The singer-songwriter is one of the latest to make it onto Tige & Daniel’s hilarious Tiny Couch video series, which encapsulates in fewer than three minutes the essence of their CMA Award-nominated daily radio show, heard in afternoons at WSIX Nashville and syndicated as an evening show to about 30 more iHeart stations, including ones in Milwaukee, New Orleans and Raleigh, N.C.

While funny in his own right, Tige, a married father of one, plays more of the straight man on the show. Daniel, the kind of person who adds an extra syllable to the word “fruit” for comic effect, is the goofier half of the partnership who cuttingly jokes that their show comprises “hilarious social commentary, and Tige.”

The pair were friends before they began working together on-air and their chemistry is palpable, even when they spend much of the show busting on each other. Daniel mocks Tige’s taste in clothes and says his partner went from being “a little bit of a dad to the dad-est dad in the world” after his son was born a year ago. “He’s one second away from wearing his cell phone on his belt.” Tige points out that every time they use a drive-through and the Muppet-voiced Daniel does the ordering, the cashier invariably mistakes him for a woman and asks, “Will there be anything else, m’am?”

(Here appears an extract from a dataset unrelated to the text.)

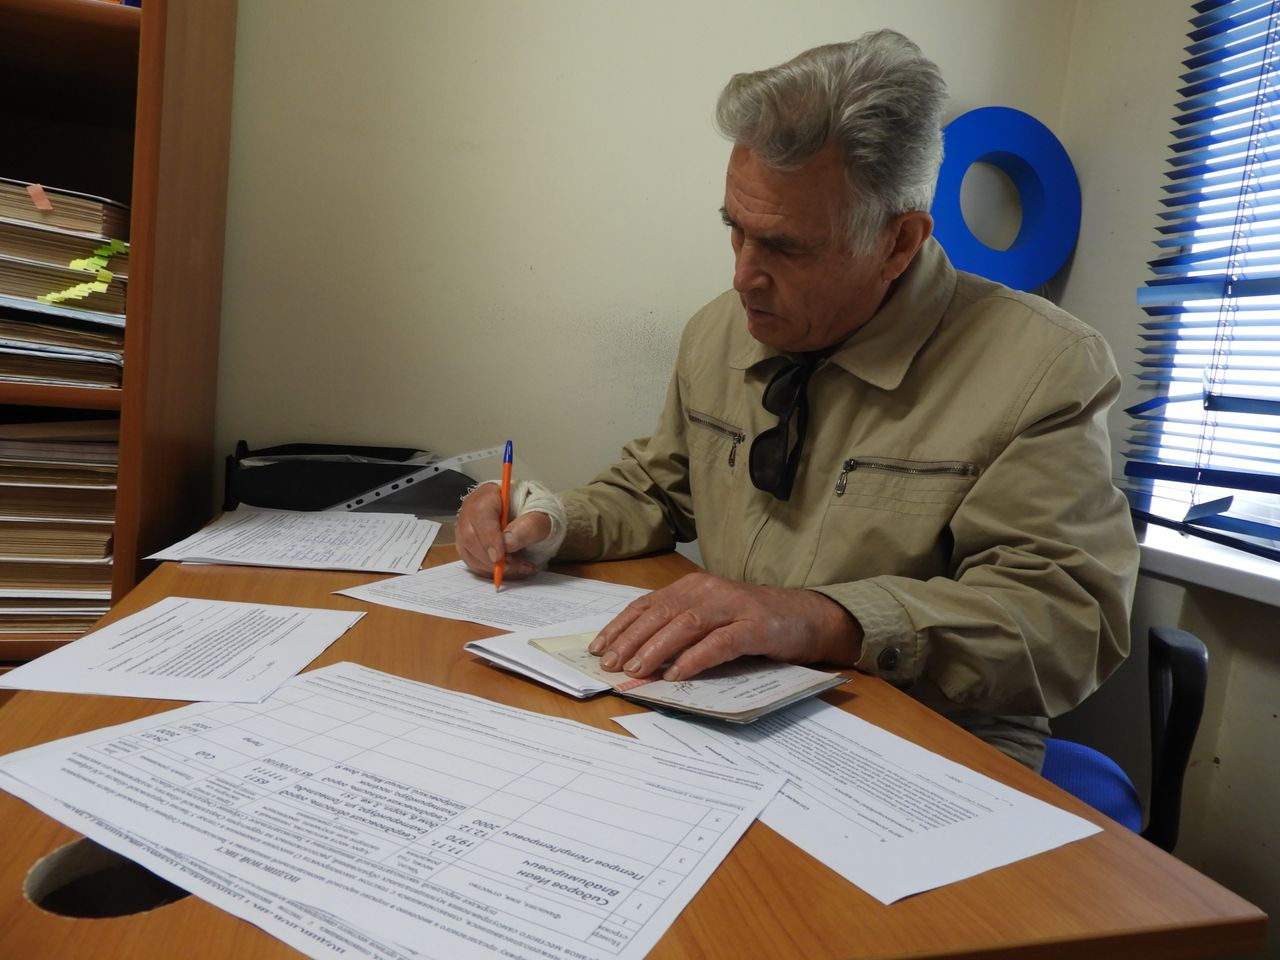 В редакции "ВК" за возврат прямых выборов собрано 76 подписей. В регионе - более 10 тысяч

“We just pick on each other,” says Tige. But they have a vision beyond that for their show’s content. Explains Daniel, “I like to picture if you’re riding home after work with your closest friends, what would you guys talk about in the car? You’d rib on each other, but also talk about what’s going on in the news and what’s going on in your lives.” Adds Tige, “We don’t take ourselves too seriously.” Indeed, their bio on the WSIX website ends with the line, “Sorry they’re not more attractive.”

Tige & Daniel

Tige & DanielCourtesyof WSIX

Off the air, Tige says he acts as Daniel’s social navigator. “Have you ever seen a politician and he needs a handler to tell him who everybody is?” he asks. “I’m that guy for Daniel. We go out and I’m [whispering], ‘He’s our boss, Gator.’ ”

That boss, iHeart senior vp programming Gator Harrison, calls their program “the anti-radio show. They don’t sound like everybody else, and they’re authentic … You’ve got two guys that are completely self-deprecating, and they do it authentically on and off the air. But you can tell they have that chemistry and you know deep down they really love each other. That’s what makes them unique. Plus, they look at the world in a very different way, especially idiot Daniel.”

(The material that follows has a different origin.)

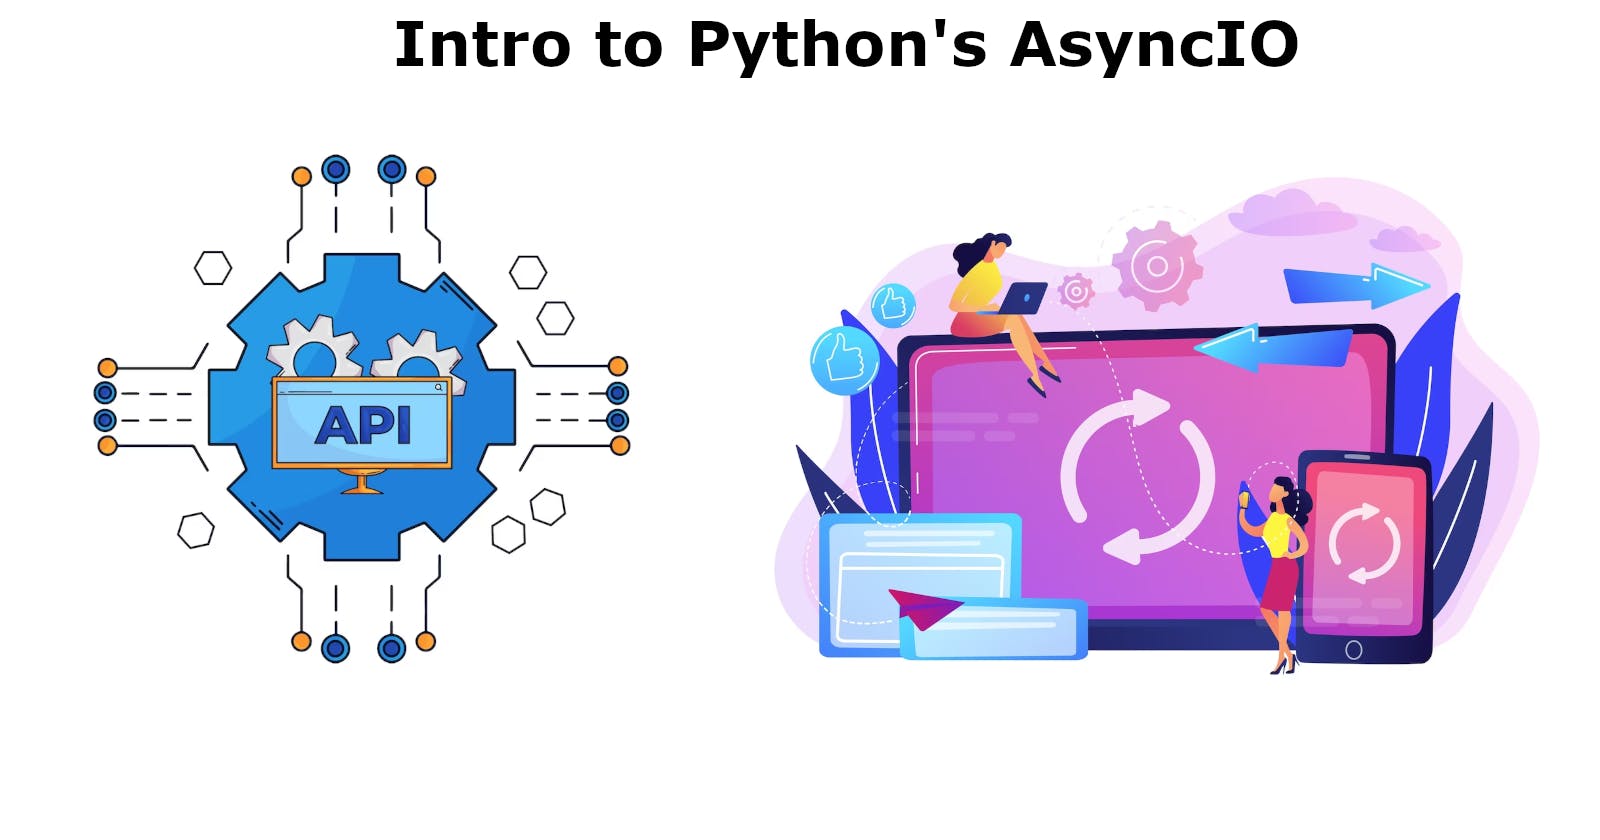 Python Async IO 101

They met and became friends when Tige hired Daniel to do a weekend shift at WMXA Auburn, Ala. After they expressed a desire to do a morning show together, their employer at the time, Qantum Communications, moved them to WGTR Myrtle Beach, S.C., in 2010 and later began simulcasting their show on WYNR Brunswick, Ga. Says Tige of their partnership, “Ours wasn’t an arranged marriage. We chose each other.” They later joined iHeart, which moved them to WTQR Greensboro, N.C., and then to Nashville in 2015 originally for nights before quickly shifting them to afternoons. At WSIX, executive producer Mari Mueller holds all of the show’s moving parts together.

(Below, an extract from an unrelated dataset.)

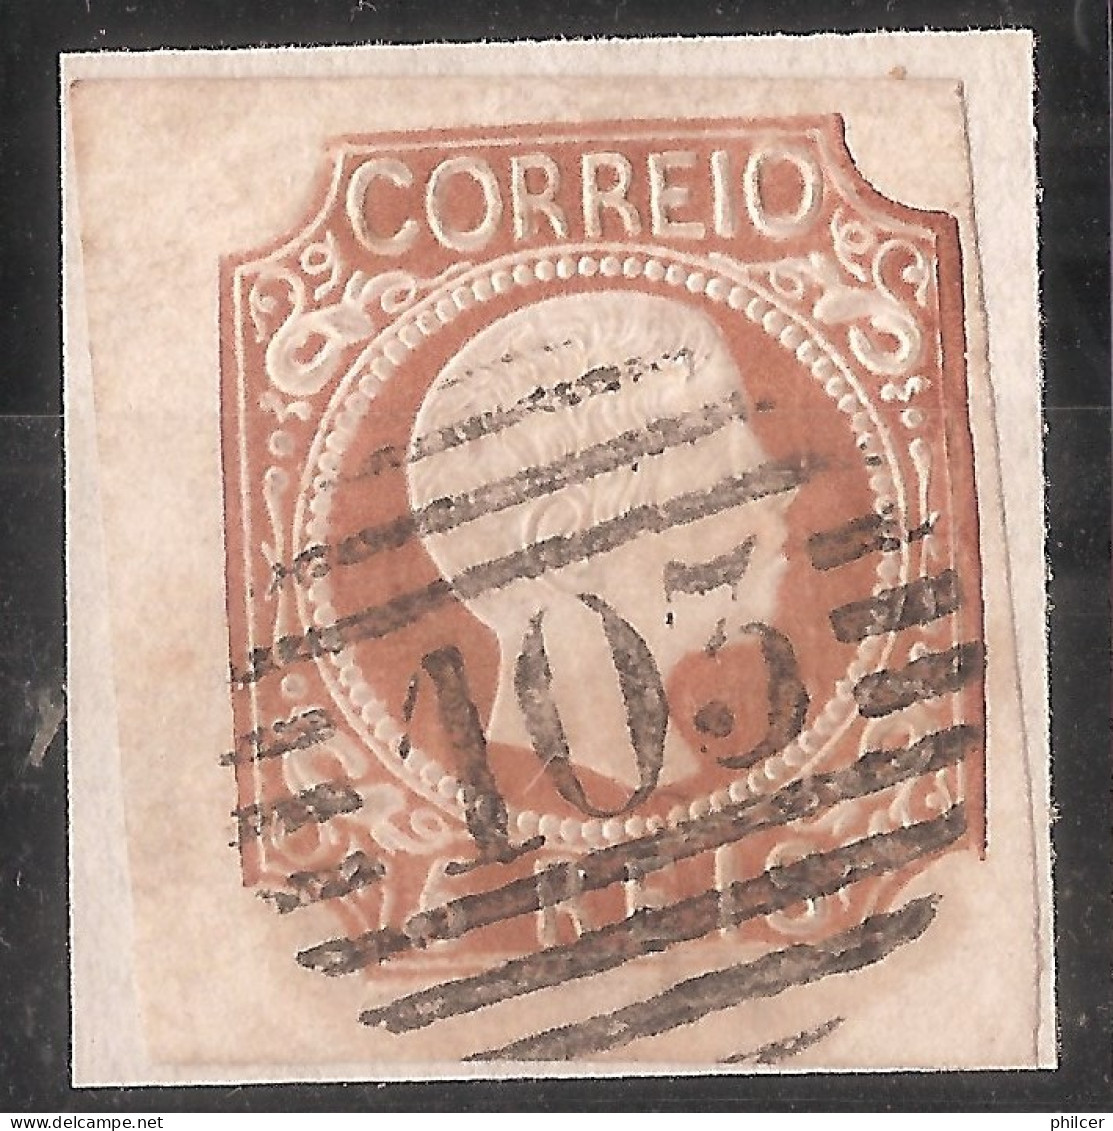 Portugal, 1856/8, # 10, Used - Usati

Tige says their personalities complement each other. “I’m a huge worrier and always scared of the next thing, and Daniel is the opposite, so he can talk me down. And when he’s being a bit silly, I can say, ‘Let’s reel it in a little bit.’ ” While they spend an hour or two a day on show prep, they leave room for unexpected moments. “Daniel is so spontaneous. He can just come up with something that I think even he is surprised by sometimes, last minute,” says Tige. “I see those gears turning, and I know he’s about to do something and I’m going to be ready for it.”

On the air, some of their comedic benchmarks include “Sensual Shoutouts” and “Tige & Daniel Relate to Teenagers.” In the former, they reward people who have followed them on Facebook by saying their name on the air, followed by a creepy come-on. (Sample line: “Did you sit in Frosted Flakes? ’Cause your butt looks grrrrrreat.”) In the latter, they might talk on the air about, for instance, how “we’ve got to run to Walgreens and pick up our Instagrams we had developed,” explains Daniel with a laugh.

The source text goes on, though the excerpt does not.